L'école Shingon, en particulier,
est celle qui détruit le Sutra du Lotus. Il est primordial
de la réfuter mais dans un premier temps j'ai voulu m'attaquer
aux erreurs des écoles Zen
et Nembutsu. Je laisserai pour
l'instant de côté la question d'établir ce qui est
correct et ce qui est erroné dans le bouddhisme en Inde et en
Chine, mais en ce qui concerne le Japon, l'enseignement correct du Sutra
du Lotus s'y est perdu et tous ses habitants, sans aucune exception,
sont donc destinés à tomber dans les mauvaises
voies. [La raison en est que] sur chaque montagne, à côté
de chacun des temples de l'école Hokke
se trouve invariablement un temple de l'école Shingon,
de même que l'ombre suit le corps.
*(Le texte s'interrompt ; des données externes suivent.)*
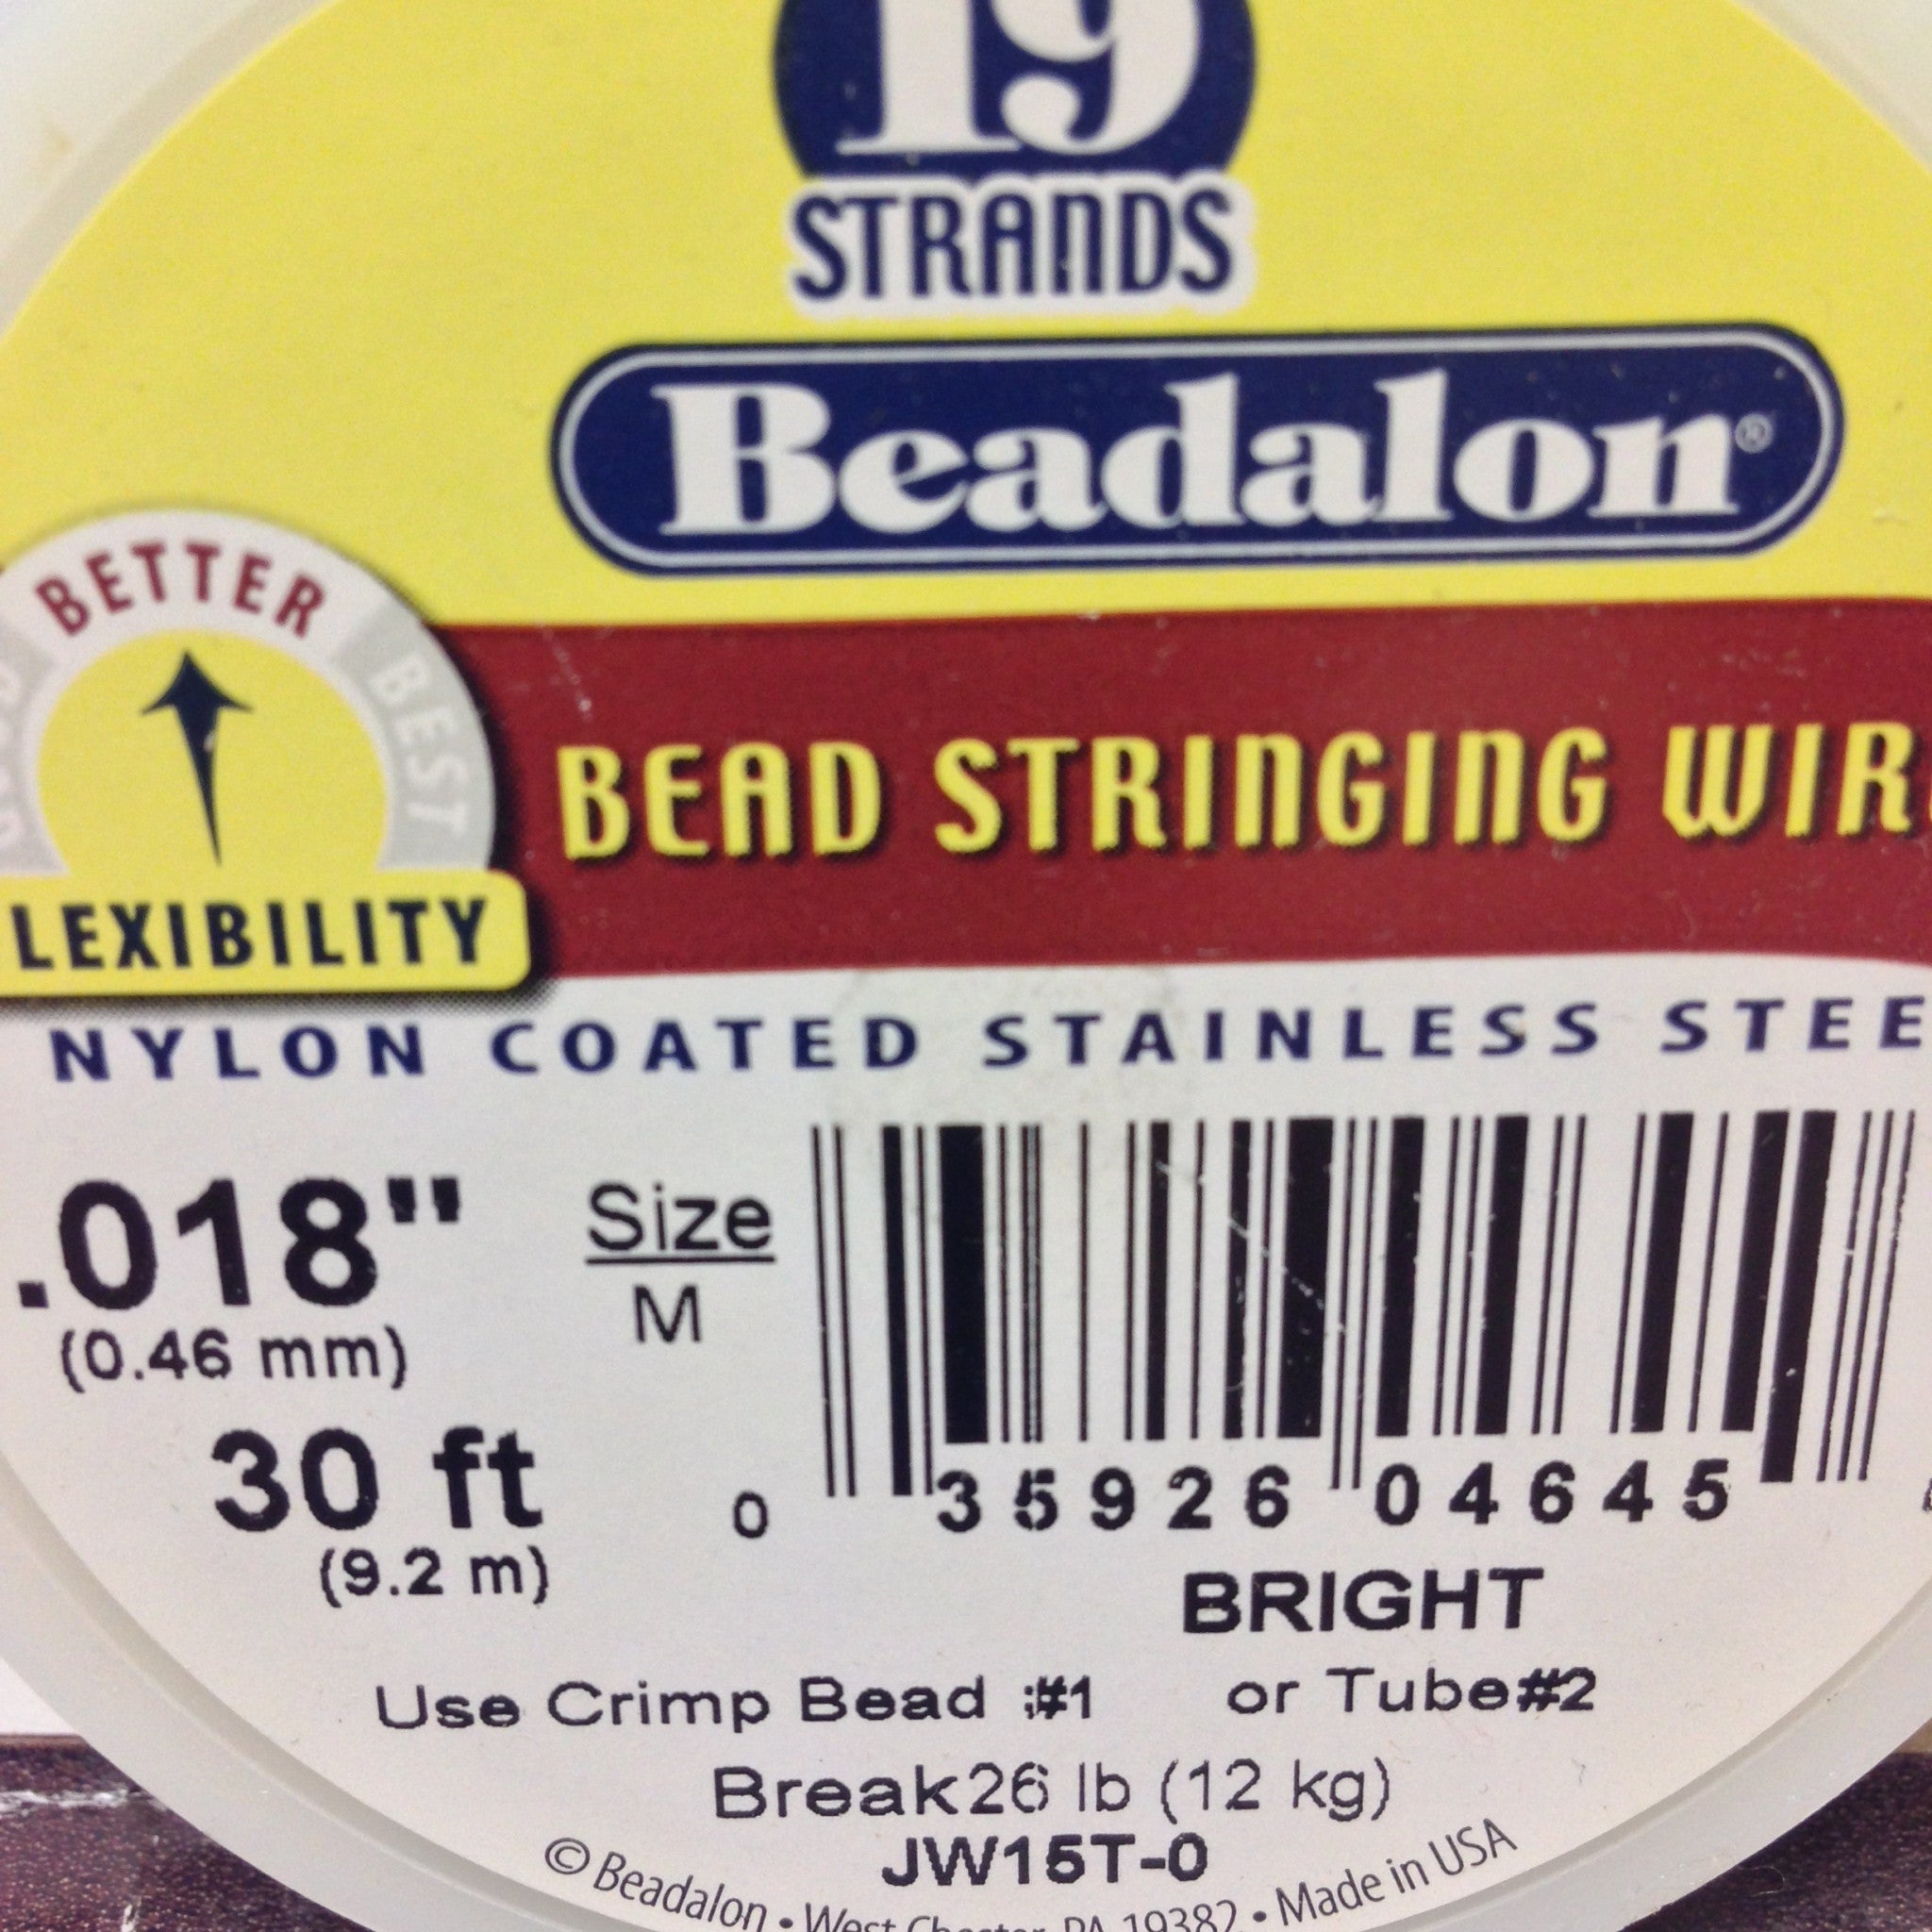 19 Strand Stainless Steel Bead Stringing Wire, .018 in (0.46 mm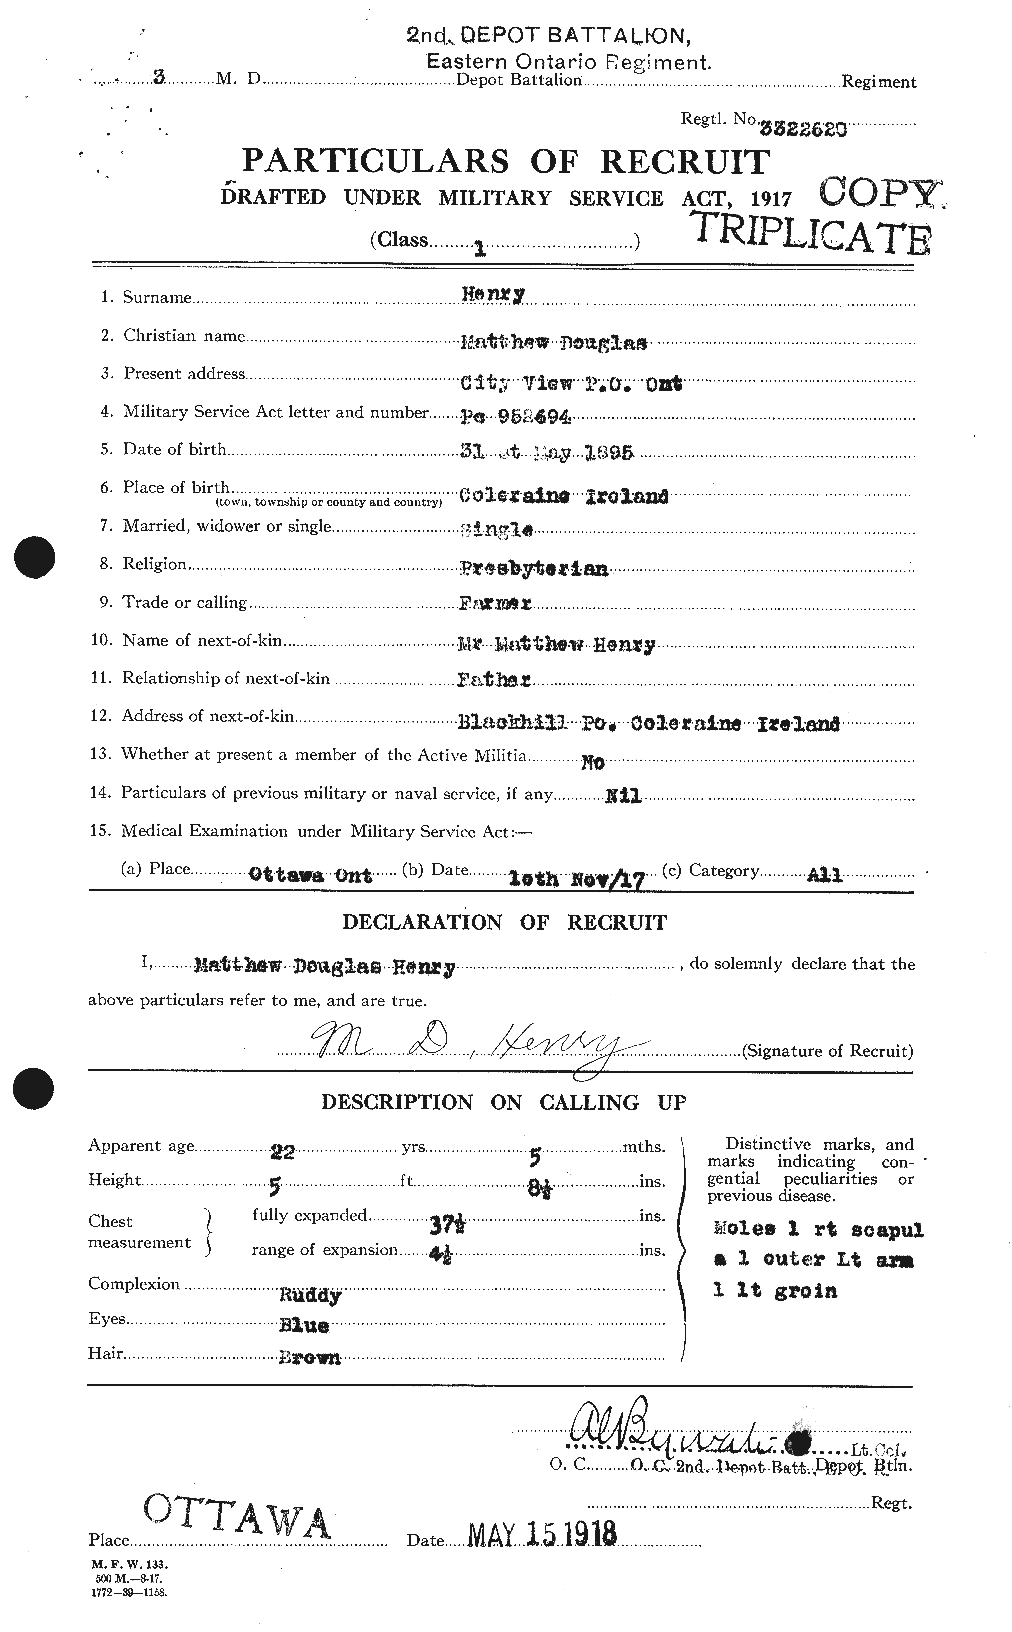 Personnel Records of the First World War - CEF 387663a

Ainsi, à la pratique
correcte du Sutra du Lotus, est adjointe la pratique Shingon
des dix-huit voies,
et à la pratique du repentir [par la récitation du Sutra
du Lotus] se mêle la récitation du Sutra
Amida. Et, au cours de la cérémonie de consécration
des patriarches, le rituel du Shingon prédomine,
tandis que celui du Sutra du Lotus est relégué
au second plan.
En réalité, les sutras du Shingon
appartiennent aux enseignements
provisoires et sont même inférieurs aux sutra Kegon
ou Hannya. Pourtant,
Ennin et Kukai
se sont trompés sur ce point et ont prétendu que les sutras
du Shingon étaient égaux
ou même supérieurs au Sutra du Lotus. La cérémonie
"d'ouverture des yeux" d'une nouvelle effigie du Bouddha est
donc conduite avec le mudra de
la déesse Butsugenson
et le mantra-dharani du bouddha
Vairocana. Il en résulte
que toutes les images peintes et sculptures en bois [représentant
le Bouddha] au Japon, ont été privées d'âme
et d'yeux, et qu'elles sont en fin de compte possédées
par le Démon du sixième
ciel, causant la perte de ceux-là mêmes qui leur rendent
un culte. C'est pour cela que les édits de la cour impériale
[à Kyoto] ont presque perdu toute
validité. Le Shingon nuisible a
maintenant fait son entrée à Kamakura,
menaçant de détruire aussi le Japon tout entier. Les adeptes
des écoles Zen et Jodo
sont des personnes aux conceptions plus erronées que l'on ne
saurait le dire. En déclarant cela, je savais que je risquais
ma vie. Pourtant, je voulais exprimer ma reconnaissance envers le bodhisattva
Kokuzo. Aussi, le 28ème jour du
4ème mois de la 5ème année de Kencho [1253], je
l'ai publiquement déclaré pour la première fois
devant une petite assemblée dont faisait partie Joen-bo,
du côté sud de la salle de pratique de Dozen-bo,
au temple Seicho-ji, dans le
village de Tojo, de la province d'Awa.
Depuis vingt ans, je ne cesse de le dire sans reculer d'un pas. Cela
m'a contraint tantôt à changer de lieu de résidence
tantot à l'exil. A une époque antérieure, le bodhisattva
Fukyo fut battu à coups
de bâtons; de nos jours, Nichiren est menacé par le sabre.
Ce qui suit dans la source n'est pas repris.